I know a charming woman in mid-stage dementia, for example, who believes almost every person she encounters is a close friend. She throws her arms around waitresses and sales clerks. She climbs, smiling, into strangers' cars. Her beleaguered husband, tired of the drama, tired of explaining, and tired, period, finally pinned a conspicuous note to her clothing with the words I have Alzheimer's printed in bold letters.

One might question his action in the interest of the woman's dignity. The right to dignified treatment has nothing to do with intellect. It's a matter of basic humanity. The greater concern, however, is that we do not, often enough, recognize dementia for what it is and take the erratic behaviors and confusion in sympathetic stride. What a different world it would be for people whose lives have been upended by Alzheimer's disease if they felt the support of everyone, friends and strangers alike. If we all "invisibly" wore purple during our daily walks throughout the whole year. There would be no need for a note pinned to the blouse of an uncomprehending person, spelling out the problem in a tacit plea for understanding.

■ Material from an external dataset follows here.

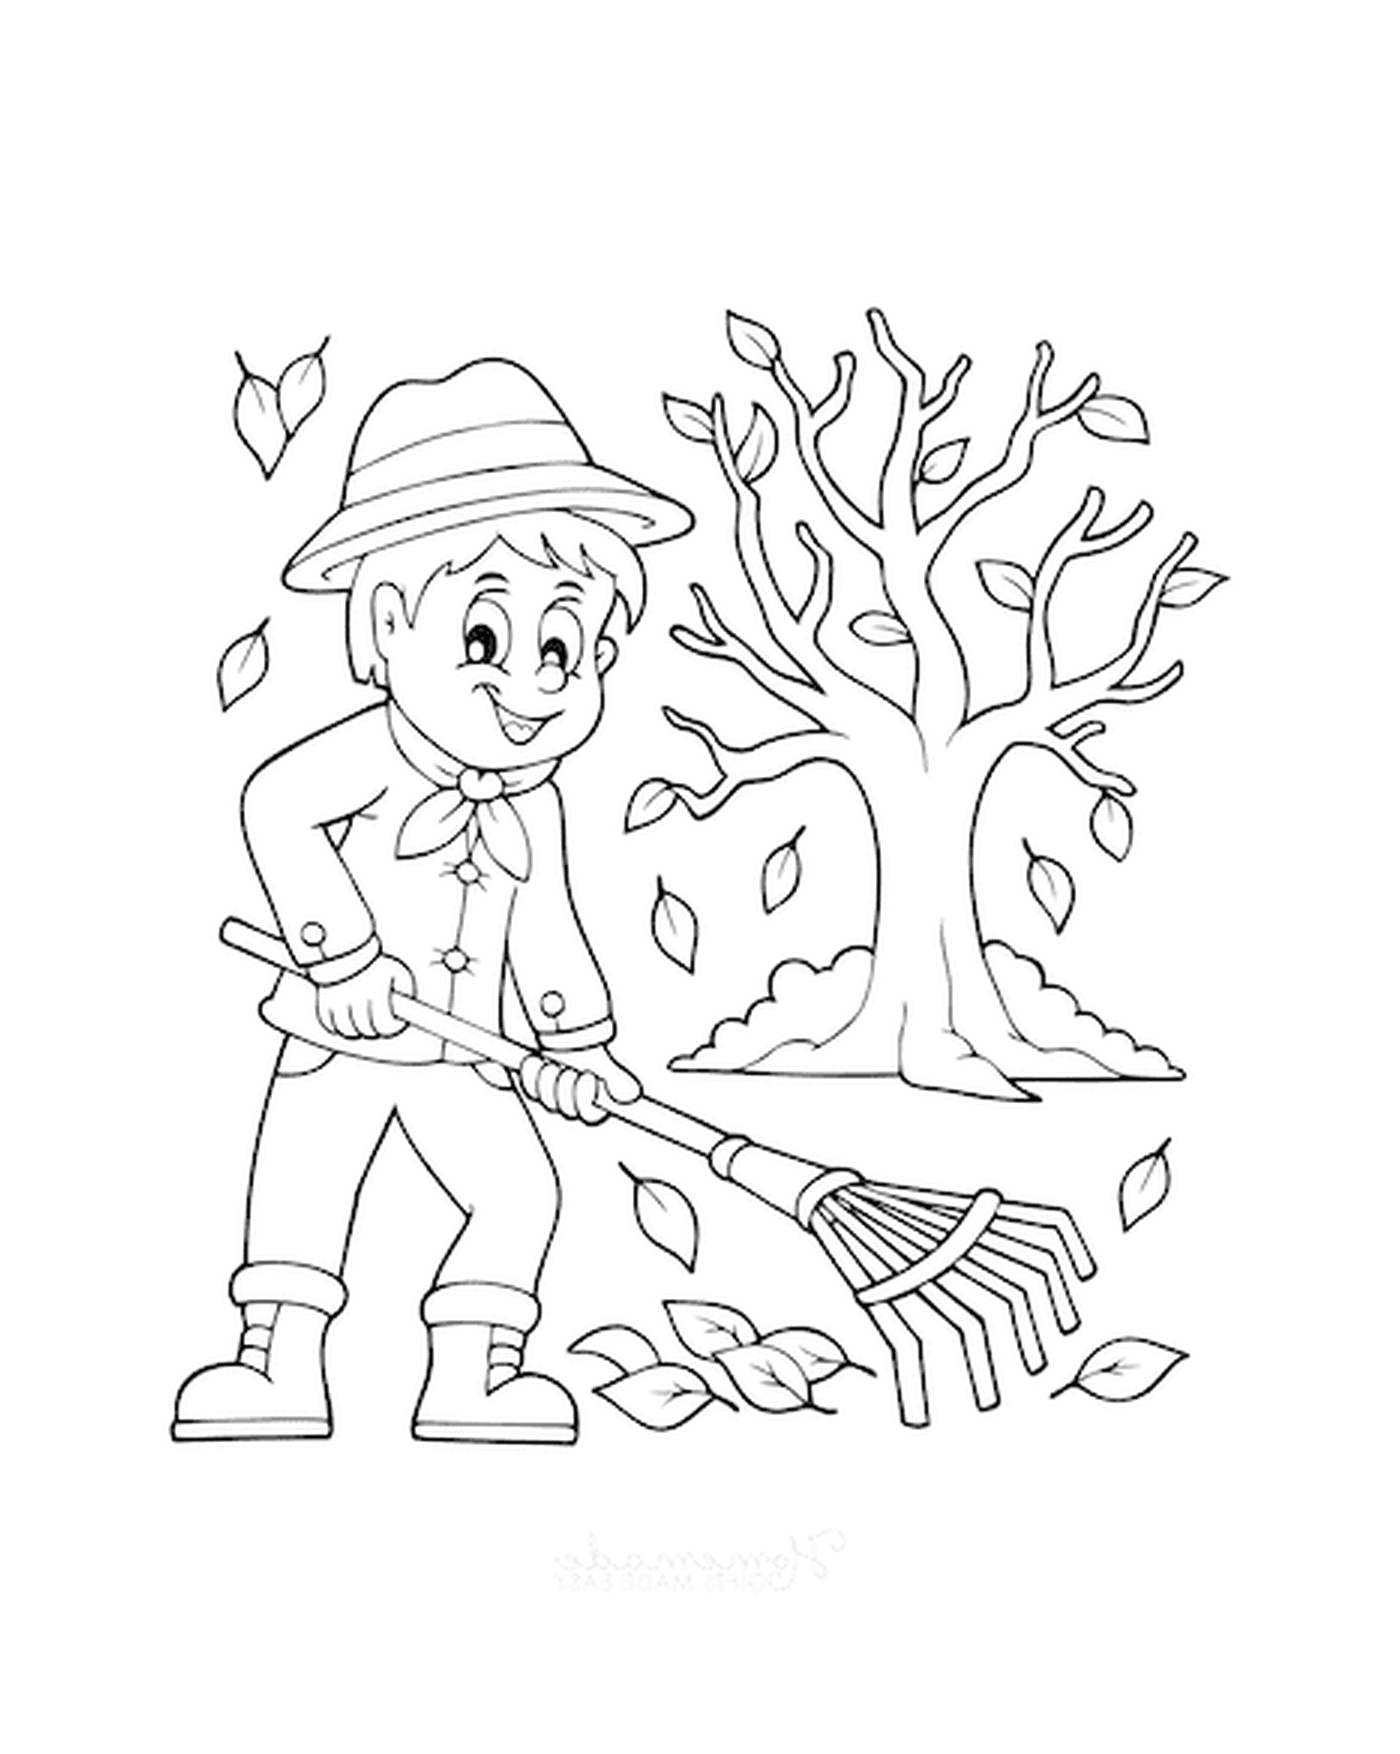   Un garçon qui ratisse les feuilles devant un arbre 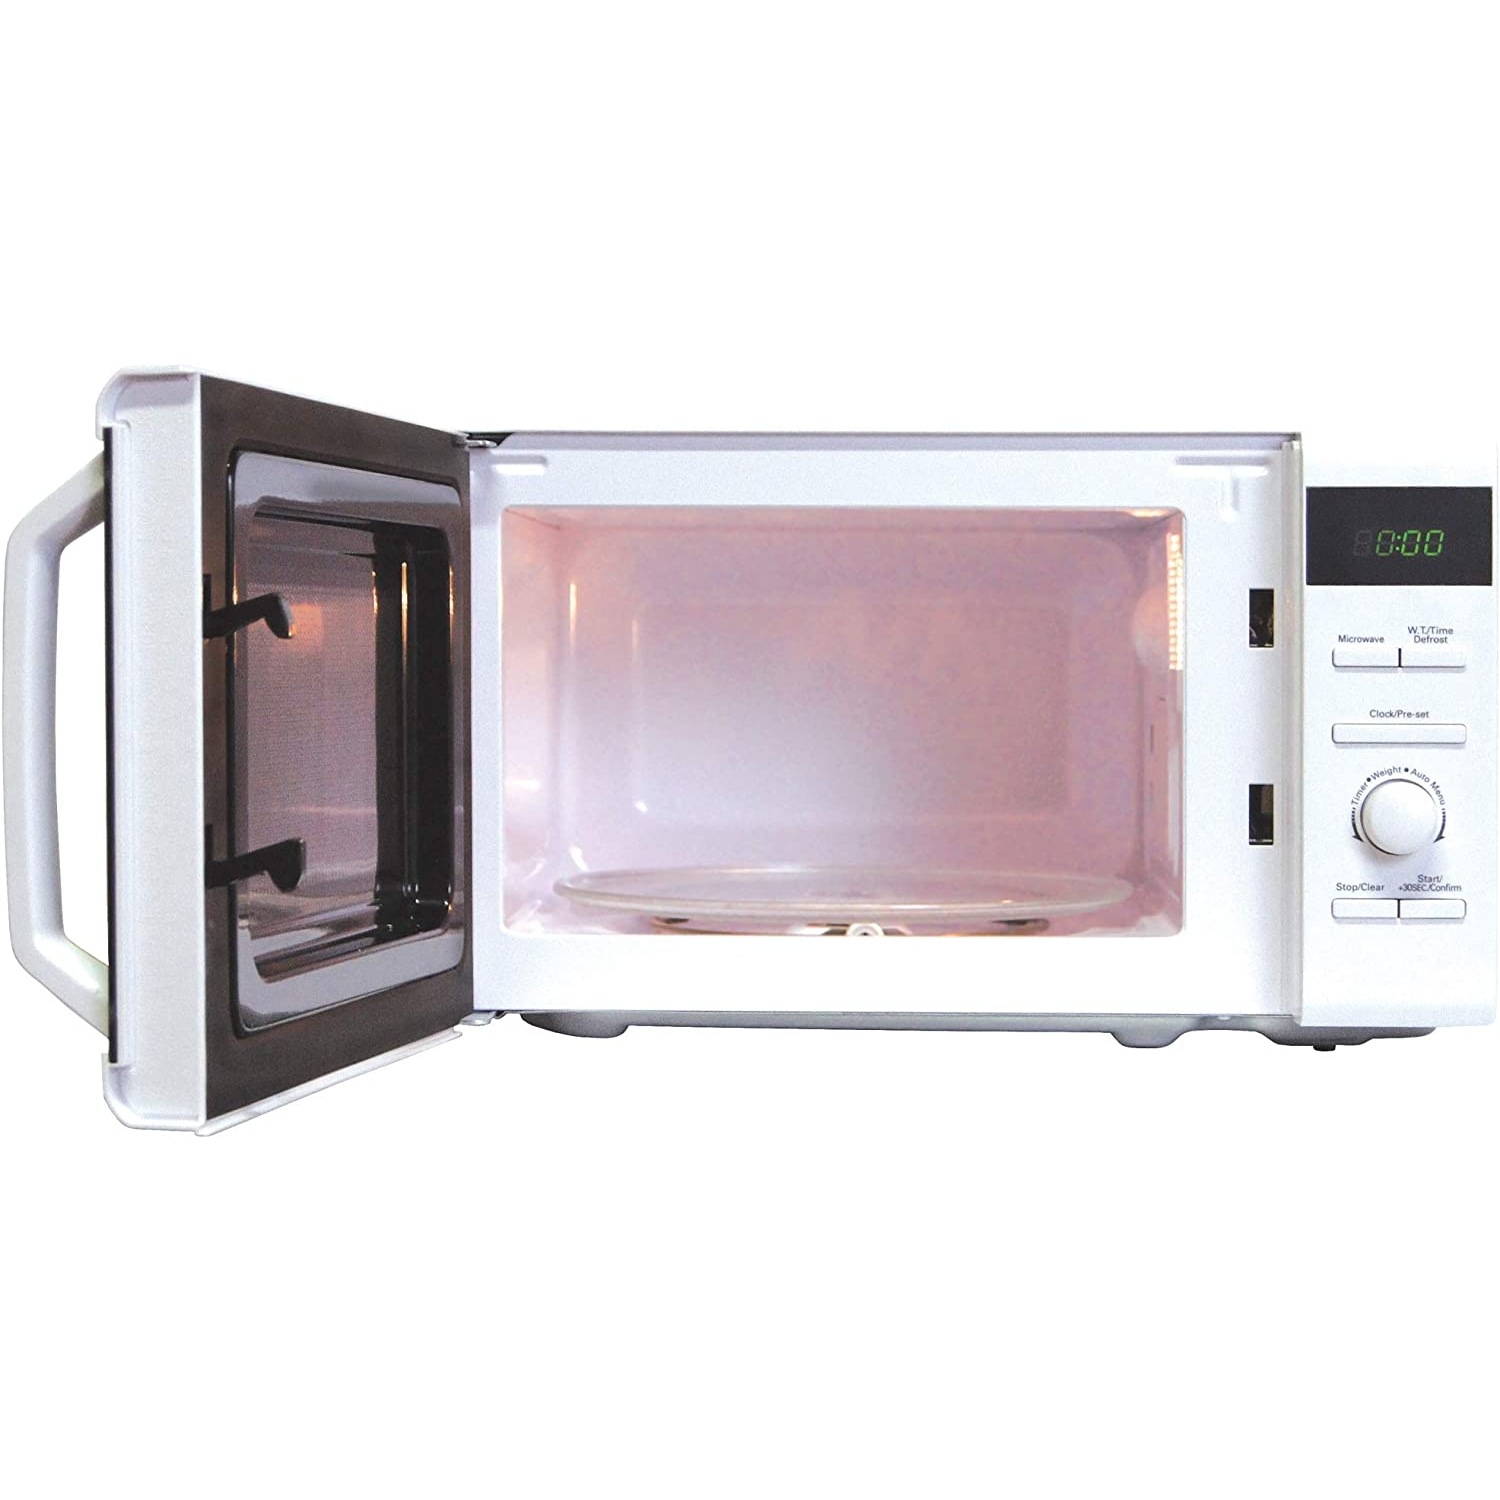 Igenix 20L white microwave - 1

The Alzheimer's Association walks raise money, desperately needed, if the Association is to realize its overarching goal of bringing about an end to Alzheimer's. But walks are also about awareness and the need to make this awareness an integral influence in our everyday actions and attitudes. We can end the stigma of Alzheimer's disease without cost, as communities of people wearing "invisible" purple -- reacting helpfully when we see a patient or caregiver struggling and reaching out with compassion to those among us who have suffered such massive personal losses. Connection to others doesn't have to be among these losses.